[DIRECTIONS FOR THIS TASK] Transcribe only the lines in the data below falling between the line with "A bottle 2023" and the line with "The Coca-Cola x", including those two lines, and leave out any picture.
[[ DATA SUPPLIED, beginning ]]
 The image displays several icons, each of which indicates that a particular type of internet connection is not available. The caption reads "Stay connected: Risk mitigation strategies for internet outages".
[[ DATA SUPPLIED, end ]]
[[ DATA SUPPLIED, beginning ]]
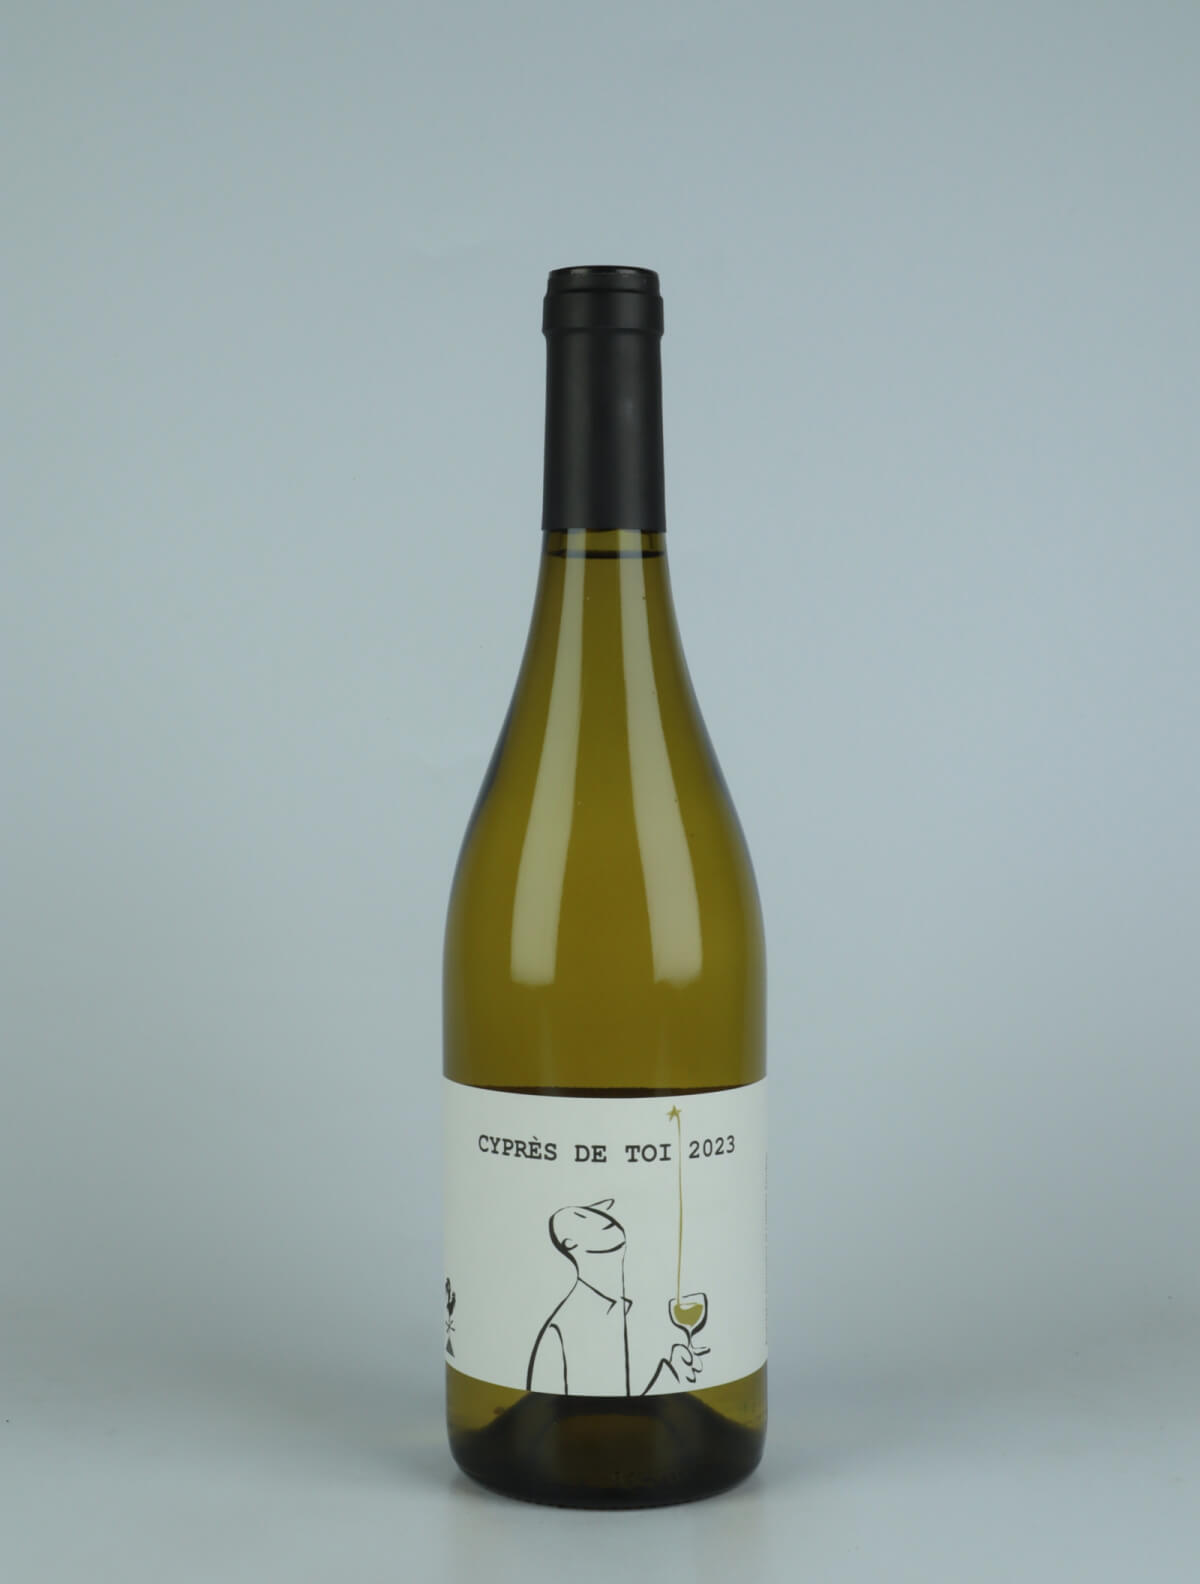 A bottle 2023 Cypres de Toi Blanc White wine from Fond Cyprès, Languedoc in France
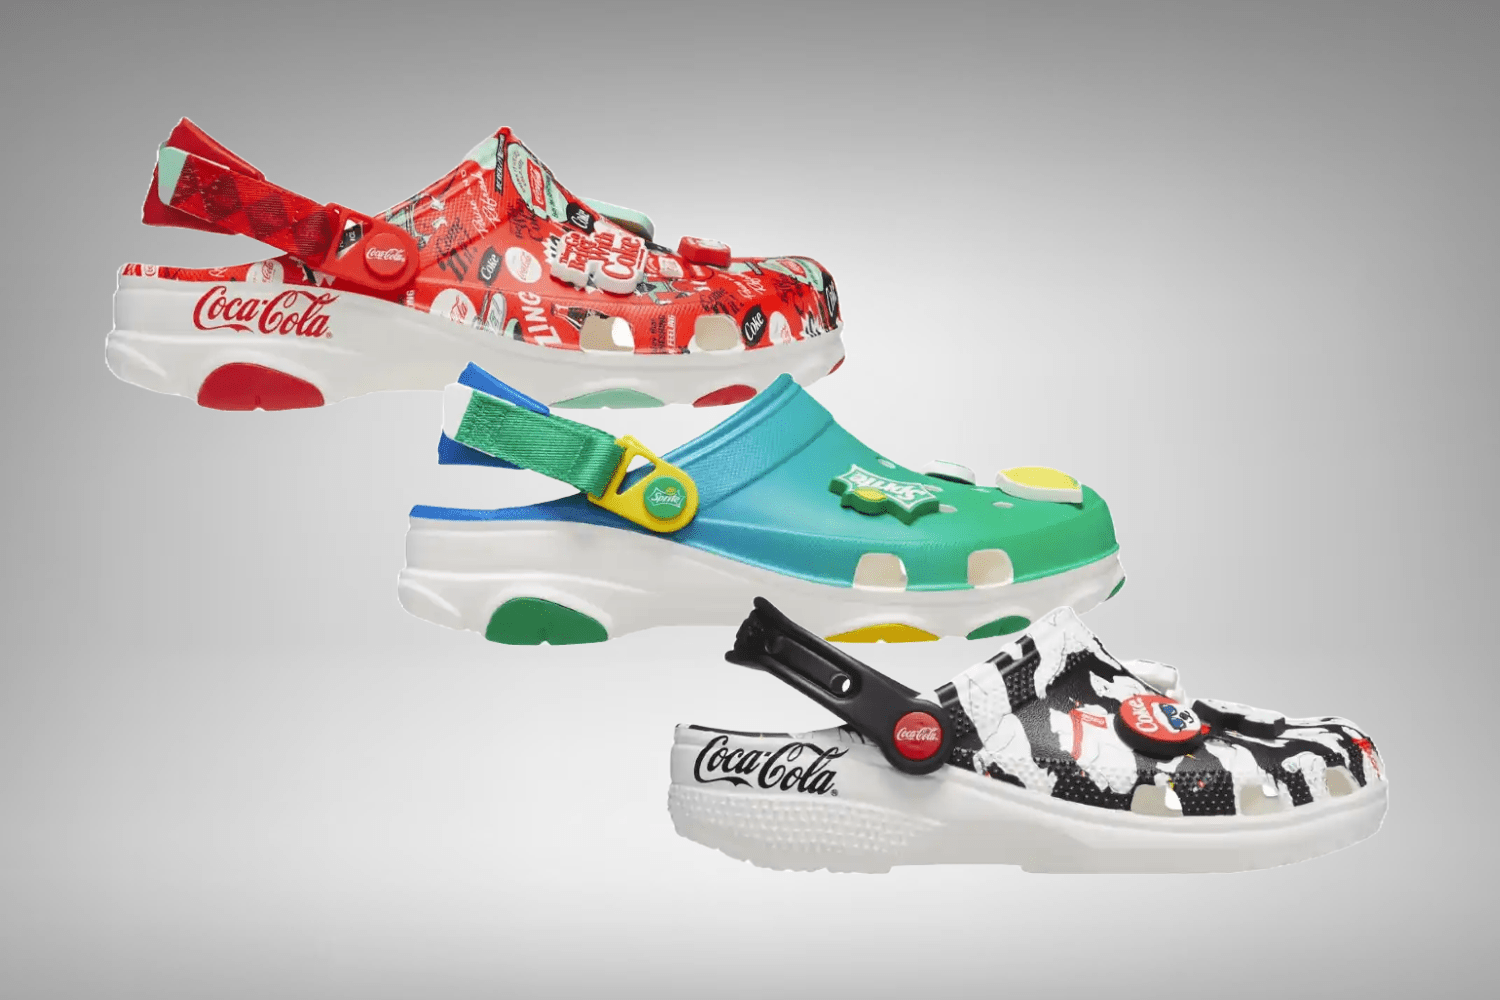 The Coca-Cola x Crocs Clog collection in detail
[[ DATA SUPPLIED, end ]]
[RESULT]
 A bottle 2023 Cypres de Toi Blanc White wine from Fond Cyprès, Languedoc in France
 The Coca-Cola x Crocs Clog collection in detail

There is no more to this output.